Насколько могу судить по кулуарным разговорам (а в этом году на Зальцбургском фестивале аккредитовано рекордное количество журналистов – более 600 человек), мнения критиков наиболее резко разошлись относительно исполнителя партии Манрико – Франческо Мели. И вот этого разброда в оценках я не понимаю ещё более, чем странных карьерных шатаний маэстро Доминго: Франческо Мели настолько корректно всё озвучил, сыграл и обозначил там, где голосу немного не хватило жирности, что любые нападки на эту прекрасную работу кажутся мне незаслуженными. Возможно, местами голосу Мели не хватает опоры, где-то нюансы с дыханием отражаются на устойчивости звуковедения, но, положа руку на сердце, эти тонкости настолько несущественны, что человеку, не спевшему в своей жизни ничего подобного вообще никак (а к этой категории людей относится большинство критиков), обращать внимание на такие вещи совершенно излишне.
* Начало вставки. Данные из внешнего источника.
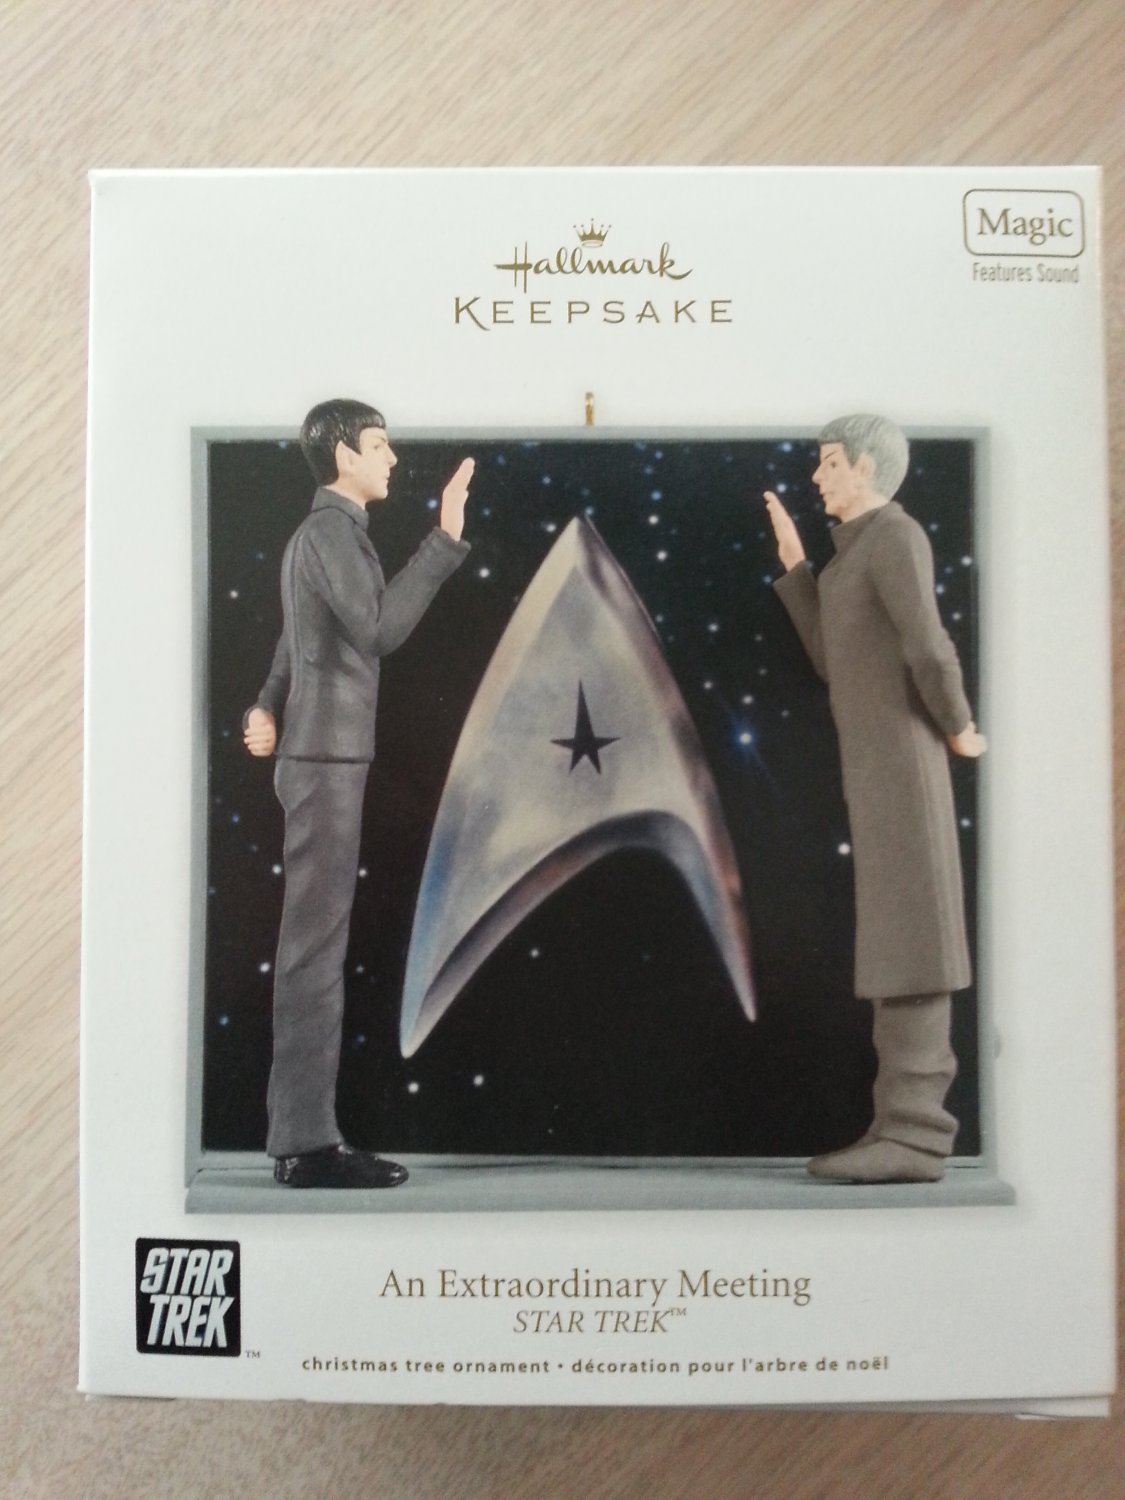 Hallmark Star Trek "An Extraordinary Meeting" Ornament from 2012-LISTEN TO DIALOGUE FROM THIS SCENE!

Заслуживают отдельного упоминания работы исполнителя партии Феррандо – баса Риккардо Дзанеллато, партии Инес – хорватской меццо Дианы Халлер. Самым безоговорочно безупречным участником нового «Трубадура» стал хор: собранность, мощь, чистота нюансов и оттенков – всё было прекрасно. По силе эстетического воздействия местами хор превосходил даже звучание Венских филармоников под управлением маэстро Гатти, хотя звучание это отличалось ожидаемой грамотностью нюансов и яркостью акцентов: вот угадали и угодили — и с темпами, и с динамическими всплесками, и с балансом. Более придирчивые знатоки партитуры наверняка найдут повод, чтобы покапризничать, но я лично, посетив три представления, включая генеральную репетицию, так и не услышал, к чему можно было бы придраться в работе музыкантов.
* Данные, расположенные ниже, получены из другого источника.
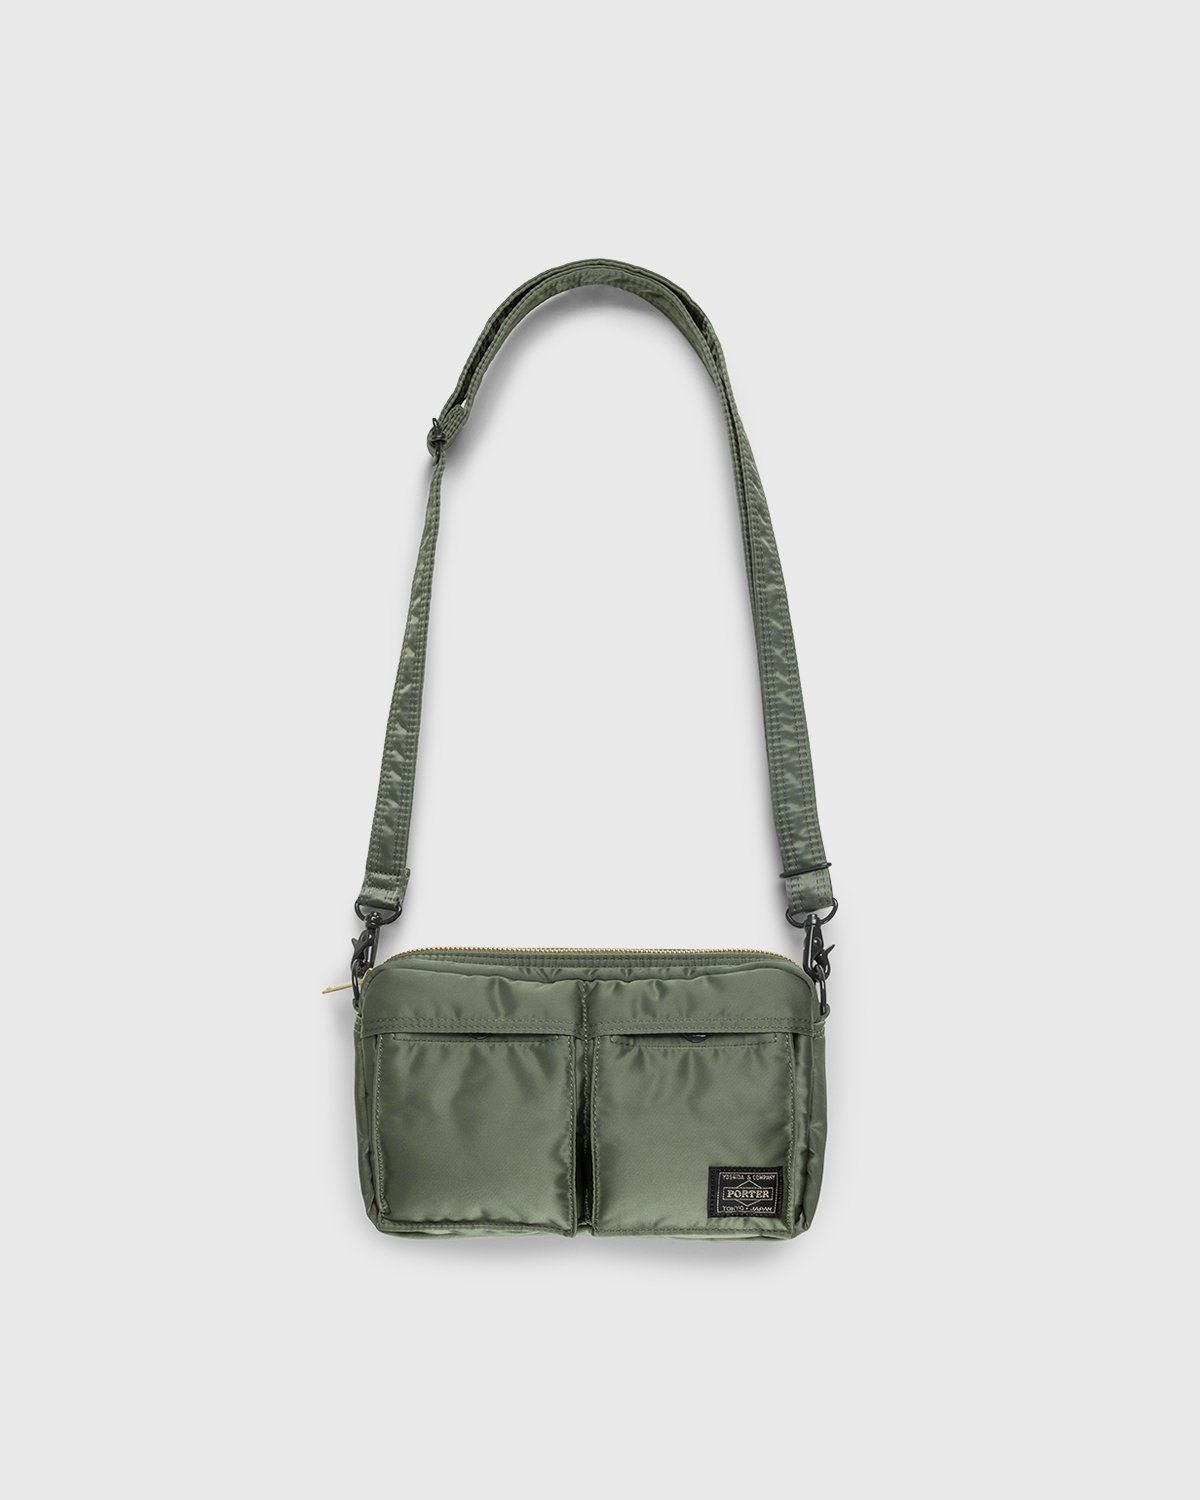 Porter-Yoshida & Co. – Tanker Shoulder Bag Sage Green - Pouches - Green - Image 1

И единственным моментом, который меня действительно озадачил, стало выступление канадской контральто Мари-Николь Лемьё в партии Азучены. Даже если опустить мои личные пристрастия относительно широкого вибрато (я его не люблю), кроме действительно качественных нижних нот, я не услышал в исполнении певицы ни одного безупречного легато. Завывания, уместные в этой партии, вскрики, мелодекламация – всё было превосходно. Но как-то не вписывалось в мои личные представления о том, как это должно звучать. Но это к слову. А вот с точки зрения актёрской игры, роль была сделана певицей настолько совершенно, что даже личная предвзятость к предложенному вокальному прочтению отошла на второй план.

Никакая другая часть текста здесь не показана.